Discover a garden that has moved with the times but remains true to its roots, where Elizabethan stonework is the mellow backdrop to flower borders bristling with colour.
Whet your appetite with these five highlights from the garden & estate:
Anyone for pudding?
 © National Trust
This elegant pavilion is one of two ‘pudding houses' set into opposite corners of the East Court. Their sweet toothed nickname stems from Tudor and Stuart times, when parties would retire here from the Dining Room to savour their pudding in the splendour of the grandest part of the garden.
The pudding houses get their warm glow from local Ham stone, which was used to build Montacute. The stone is the perfect foil to the multicoloured summer flower borders. The pudding houses are often open to house exhibitions. You might even catch a lingering whiff of a long-devoured dessert.
Some like it hot
 © National Trust
Bold is beautiful when it comes to the dazzling flower borders that run up the sides of the East Court. In summer, when they're at their peak, bright yellow acilleas vibrate against red and orange roses and royal purple clematis. Take a seat on one of the benches and saturate your eyes with colour.
The planting was designed by Phyllis Reiss, creator of nearby Tintinhull Garden, a woman who liked her colours strong. The pastel shades of an earlier planting scheme by Vita Sackville-West had proved too soft against the stone of the house and walls.
The hedge that's not so clean-cut
 © Dylan Lumborg
This distinctive yew hedge's maze-like pattern was created not by any gardener but by the force of nature. Snow settled on it during a heavy storm in the winter of 1947, imprinting this curvaceous new look by the time it had melted weeks later.
The hedge has stayed this contorted shape ever since, and a sister hedge in the garden has been clipped to mirror it.
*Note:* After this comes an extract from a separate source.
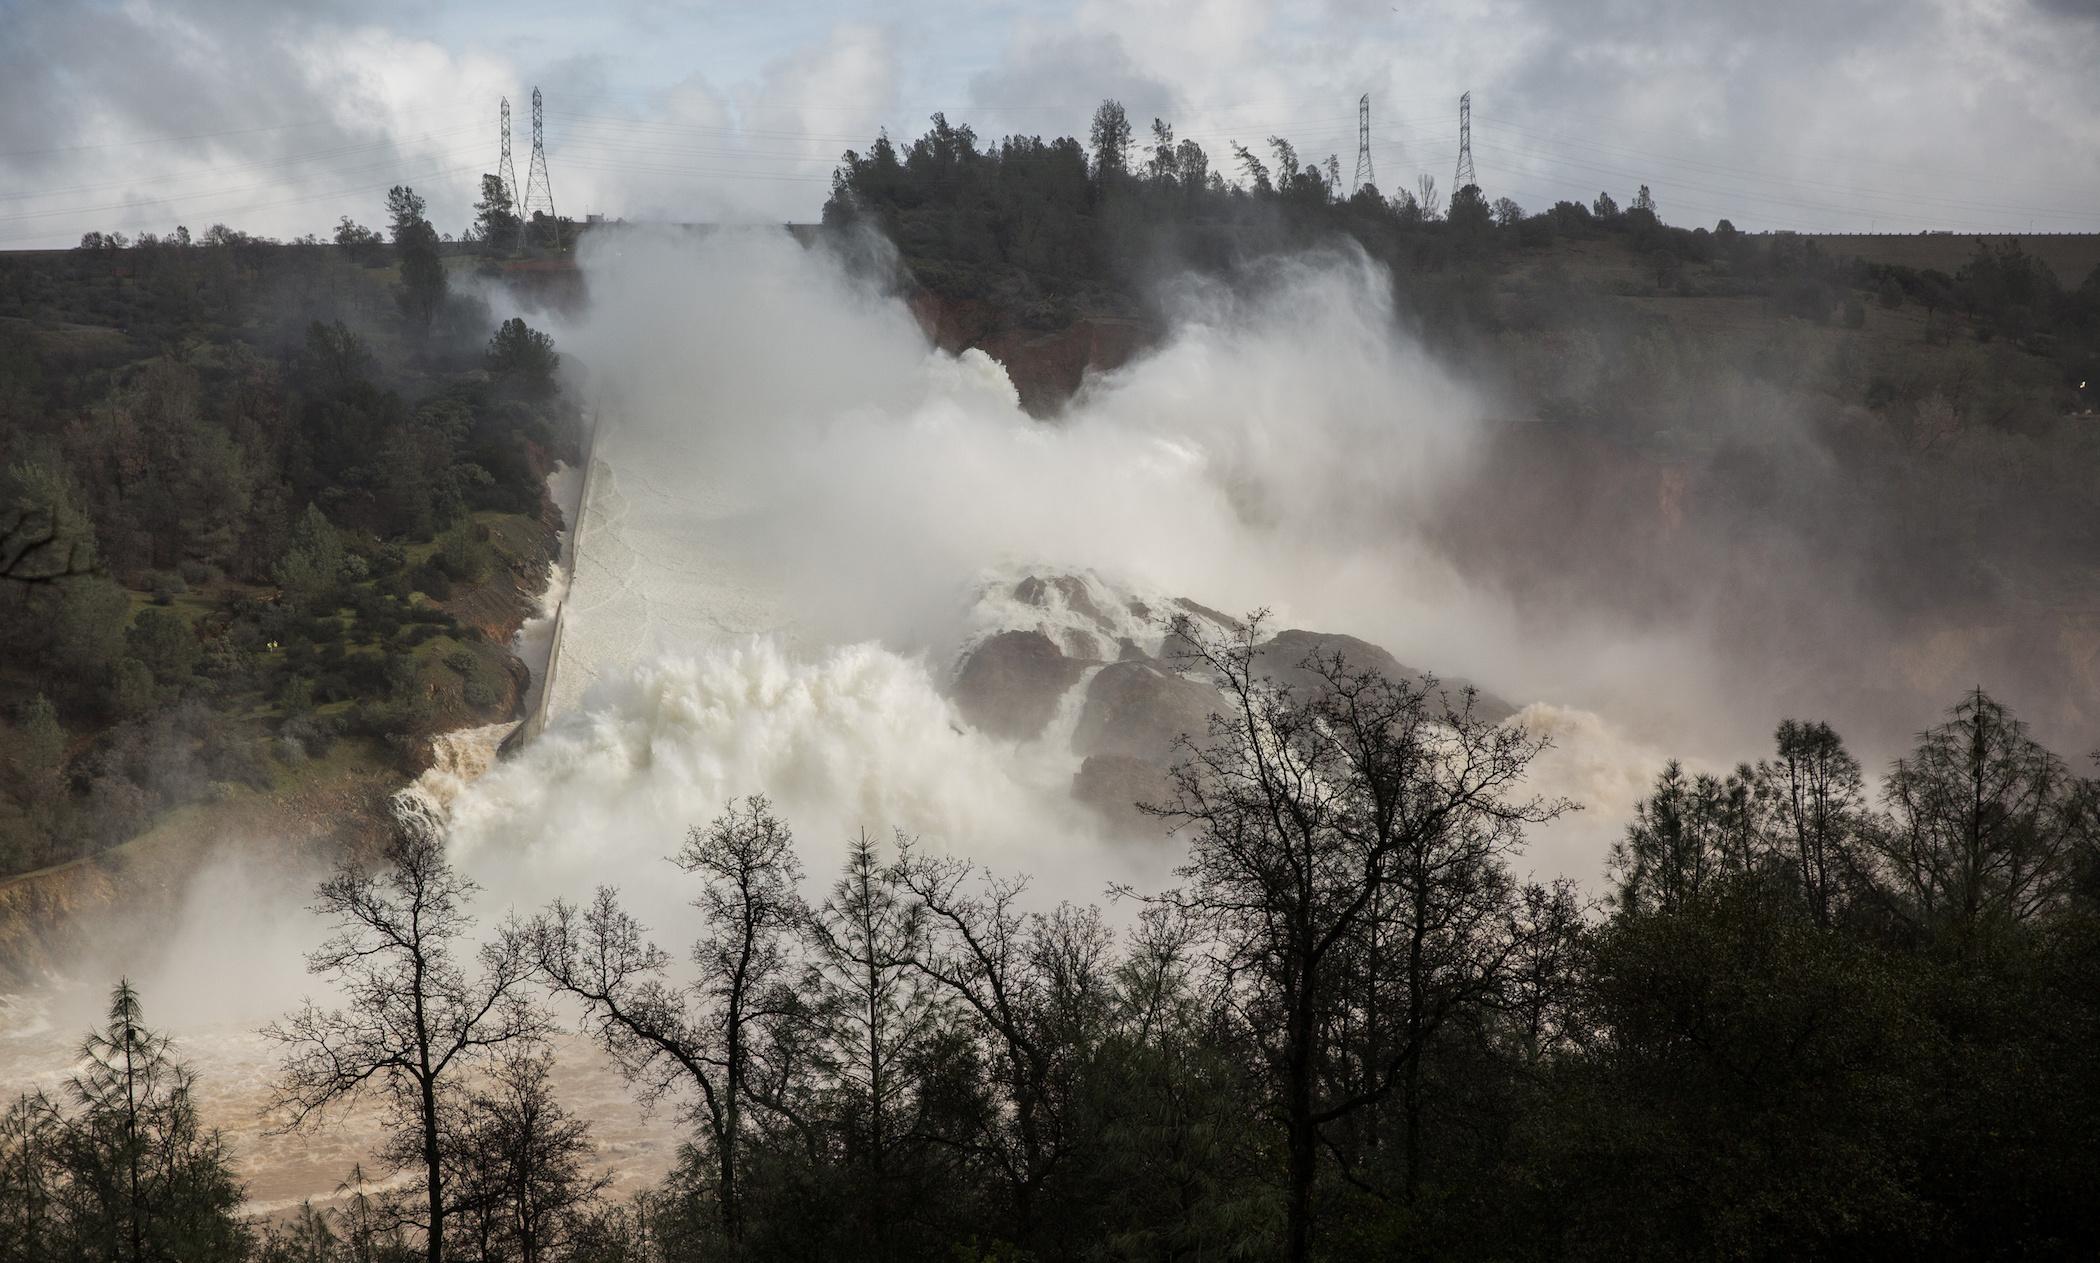 65,000 cfs of water flow through a damaged spillway on the Oroville Dam in Oroville, California, U.S., February 10, 2017.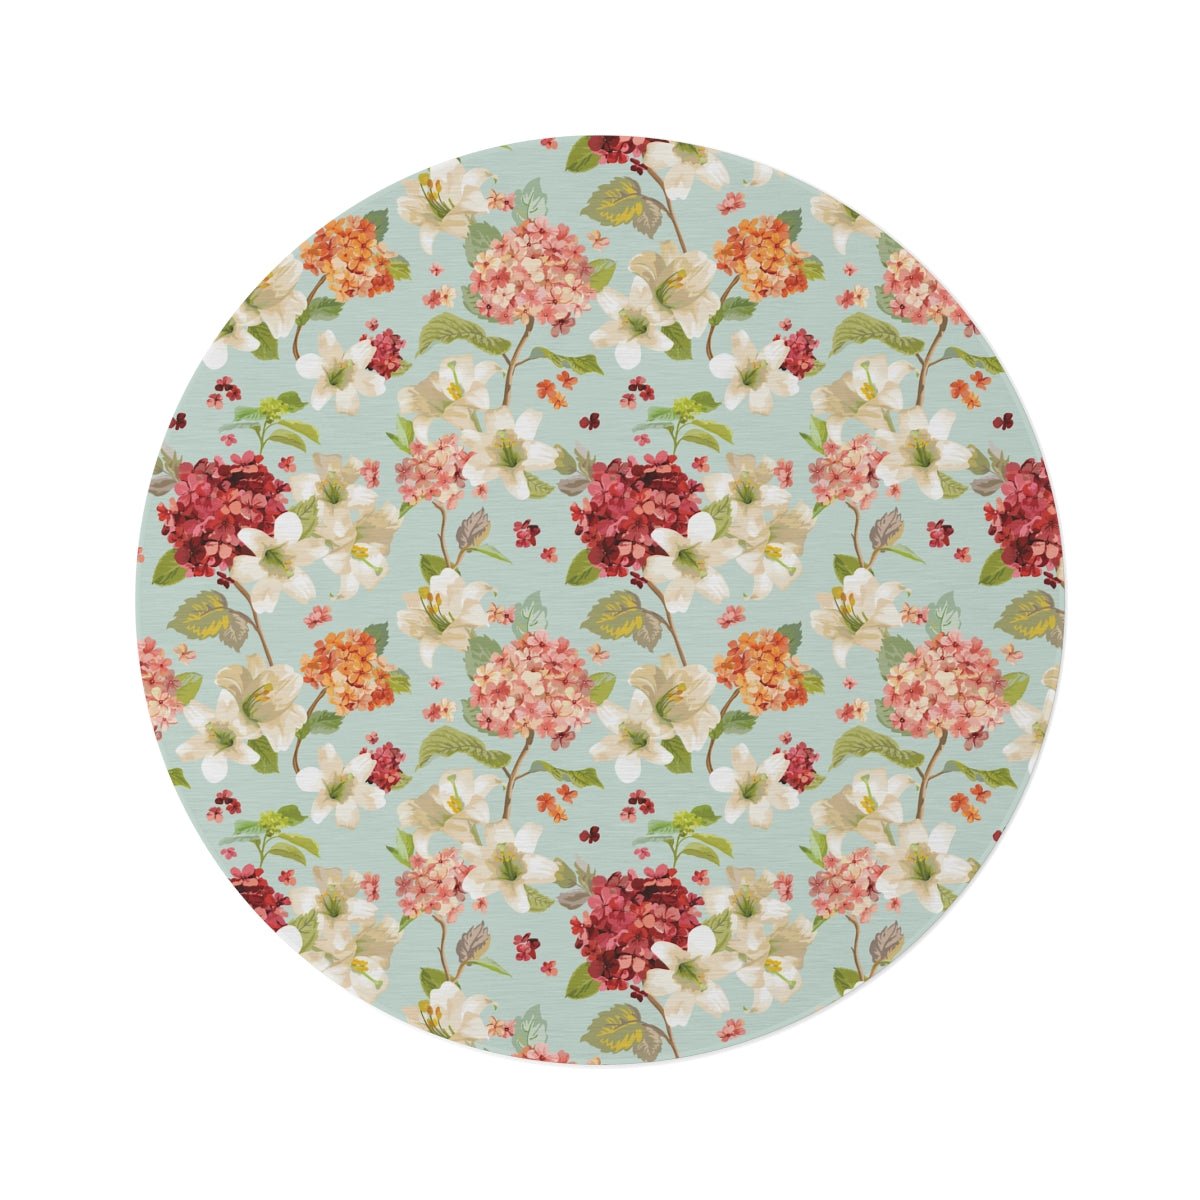 Autumn Hortensia and Lily Flowers Round Rug - Puffin Lime

You might recognise the hedge from its cameo role in the 1995 film 'Sense and Sensibility'.
The twist in the trunk
 © National Trust
It was more than a twist of fate that brought the two sweet chestnuts on the Cedar Lawn to Montacute. They were specially chosen as seedlings for the promising twist of the bark on their trunks, and they've lived up to their potential.
The trees were planted in the 1850s by Ellen Phelips, who married into the family and brought her trusty gardener Pridham with her. Together, they re-designed the garden. Their handy work also includes the avenues of clipped Irish yews that stand guard around the garden and the sweeping West Drive.
Discover the estate
 © Carl Bjork
From imposing oak and lime avenues to rare butterflies, woodpeckers and deer, there's lots to tempt you out of the garden and into the estate. Most of its 300 acres are open for you to explore. If that sounds a little daunting, we have three walks leaflets to help you discover more about its history, wildlife and landscape.
The leaflets are available from reception and each walk takes 45min to 1hr. One will lead you up St Michael's Hill, the pointed hill ('mons acutus' in Latin) from which Montacute takes its name, to a folly on the top built in 1760.